- _Your assignment_: Show every line of the data that includes the word "Jersey".

- _Data to process_:
==============================
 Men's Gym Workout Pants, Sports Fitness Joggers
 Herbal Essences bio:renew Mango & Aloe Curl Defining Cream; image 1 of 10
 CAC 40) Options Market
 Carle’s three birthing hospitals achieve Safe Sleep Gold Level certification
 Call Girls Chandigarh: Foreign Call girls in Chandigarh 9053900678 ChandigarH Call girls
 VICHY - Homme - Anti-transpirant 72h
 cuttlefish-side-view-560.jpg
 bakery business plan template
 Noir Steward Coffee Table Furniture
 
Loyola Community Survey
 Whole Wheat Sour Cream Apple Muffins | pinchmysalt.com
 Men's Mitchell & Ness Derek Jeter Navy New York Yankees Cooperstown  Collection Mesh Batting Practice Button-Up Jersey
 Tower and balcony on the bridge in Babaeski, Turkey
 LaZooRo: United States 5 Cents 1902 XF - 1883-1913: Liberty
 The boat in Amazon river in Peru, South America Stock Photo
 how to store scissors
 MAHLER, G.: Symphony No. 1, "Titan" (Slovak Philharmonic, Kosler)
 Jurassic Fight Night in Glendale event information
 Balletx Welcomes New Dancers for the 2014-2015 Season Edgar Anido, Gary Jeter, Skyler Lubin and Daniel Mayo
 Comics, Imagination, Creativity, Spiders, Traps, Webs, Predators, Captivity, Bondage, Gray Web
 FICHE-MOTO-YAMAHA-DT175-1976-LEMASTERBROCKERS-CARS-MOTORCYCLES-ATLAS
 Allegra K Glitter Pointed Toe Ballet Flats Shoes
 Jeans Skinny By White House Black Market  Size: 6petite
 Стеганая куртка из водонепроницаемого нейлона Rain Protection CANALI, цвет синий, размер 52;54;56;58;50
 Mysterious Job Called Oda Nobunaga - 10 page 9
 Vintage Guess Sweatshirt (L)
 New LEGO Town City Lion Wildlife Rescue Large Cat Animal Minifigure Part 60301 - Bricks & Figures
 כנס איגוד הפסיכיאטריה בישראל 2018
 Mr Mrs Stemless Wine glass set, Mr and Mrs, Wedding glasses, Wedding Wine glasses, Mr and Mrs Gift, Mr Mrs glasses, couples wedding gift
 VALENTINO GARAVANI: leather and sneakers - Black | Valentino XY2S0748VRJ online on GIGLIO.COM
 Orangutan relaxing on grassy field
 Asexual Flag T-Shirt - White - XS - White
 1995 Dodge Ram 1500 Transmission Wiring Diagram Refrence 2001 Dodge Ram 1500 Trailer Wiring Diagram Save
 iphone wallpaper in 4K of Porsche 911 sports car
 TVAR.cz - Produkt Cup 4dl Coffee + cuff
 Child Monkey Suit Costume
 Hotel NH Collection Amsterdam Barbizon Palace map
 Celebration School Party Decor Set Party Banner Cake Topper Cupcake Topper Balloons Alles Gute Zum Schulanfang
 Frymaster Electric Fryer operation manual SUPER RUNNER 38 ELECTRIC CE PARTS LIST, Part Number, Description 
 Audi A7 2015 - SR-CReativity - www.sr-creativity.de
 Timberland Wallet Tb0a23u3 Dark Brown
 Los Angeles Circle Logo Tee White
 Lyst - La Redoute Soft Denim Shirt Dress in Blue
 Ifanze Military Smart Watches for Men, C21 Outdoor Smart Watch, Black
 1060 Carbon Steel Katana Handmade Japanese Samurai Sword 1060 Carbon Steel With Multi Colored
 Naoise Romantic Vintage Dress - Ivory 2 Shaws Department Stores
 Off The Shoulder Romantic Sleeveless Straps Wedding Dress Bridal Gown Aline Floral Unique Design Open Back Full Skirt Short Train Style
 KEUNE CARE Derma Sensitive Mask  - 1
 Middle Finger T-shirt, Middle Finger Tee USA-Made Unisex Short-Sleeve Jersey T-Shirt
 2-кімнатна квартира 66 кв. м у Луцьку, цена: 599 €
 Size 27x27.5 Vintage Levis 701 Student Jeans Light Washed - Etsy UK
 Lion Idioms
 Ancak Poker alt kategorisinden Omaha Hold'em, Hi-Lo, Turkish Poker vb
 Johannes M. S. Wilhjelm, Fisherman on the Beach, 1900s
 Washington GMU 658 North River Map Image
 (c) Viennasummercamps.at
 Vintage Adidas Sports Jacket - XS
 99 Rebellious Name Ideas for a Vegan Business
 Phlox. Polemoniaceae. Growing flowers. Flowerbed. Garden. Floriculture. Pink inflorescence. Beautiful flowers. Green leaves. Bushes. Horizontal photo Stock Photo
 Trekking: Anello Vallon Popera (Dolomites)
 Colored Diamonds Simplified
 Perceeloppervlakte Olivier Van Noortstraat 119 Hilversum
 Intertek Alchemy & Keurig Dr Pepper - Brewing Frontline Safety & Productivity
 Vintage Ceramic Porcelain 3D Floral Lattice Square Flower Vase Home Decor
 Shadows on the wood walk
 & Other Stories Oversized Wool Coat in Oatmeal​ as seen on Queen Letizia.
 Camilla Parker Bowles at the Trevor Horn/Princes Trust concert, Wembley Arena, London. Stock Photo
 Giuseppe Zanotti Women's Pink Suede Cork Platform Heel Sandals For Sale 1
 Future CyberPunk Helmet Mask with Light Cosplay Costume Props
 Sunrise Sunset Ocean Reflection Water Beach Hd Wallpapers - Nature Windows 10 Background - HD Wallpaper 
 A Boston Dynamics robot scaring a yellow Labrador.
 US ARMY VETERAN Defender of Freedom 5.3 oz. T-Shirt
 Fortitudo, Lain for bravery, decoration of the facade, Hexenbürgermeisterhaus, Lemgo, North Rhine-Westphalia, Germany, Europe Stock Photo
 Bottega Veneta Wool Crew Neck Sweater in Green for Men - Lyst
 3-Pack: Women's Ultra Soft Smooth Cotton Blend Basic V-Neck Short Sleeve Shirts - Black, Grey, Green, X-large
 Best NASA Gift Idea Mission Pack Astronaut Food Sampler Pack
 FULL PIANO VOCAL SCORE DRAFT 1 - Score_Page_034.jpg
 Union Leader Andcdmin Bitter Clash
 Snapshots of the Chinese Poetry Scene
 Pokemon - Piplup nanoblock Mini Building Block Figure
==============================
- _Written answer_:
 Men's Mitchell & Ness Derek Jeter Navy New York Yankees Cooperstown  Collection Mesh Batting Practice Button-Up Jersey
 Middle Finger T-shirt, Middle Finger Tee USA-Made Unisex Short-Sleeve Jersey T-Shirt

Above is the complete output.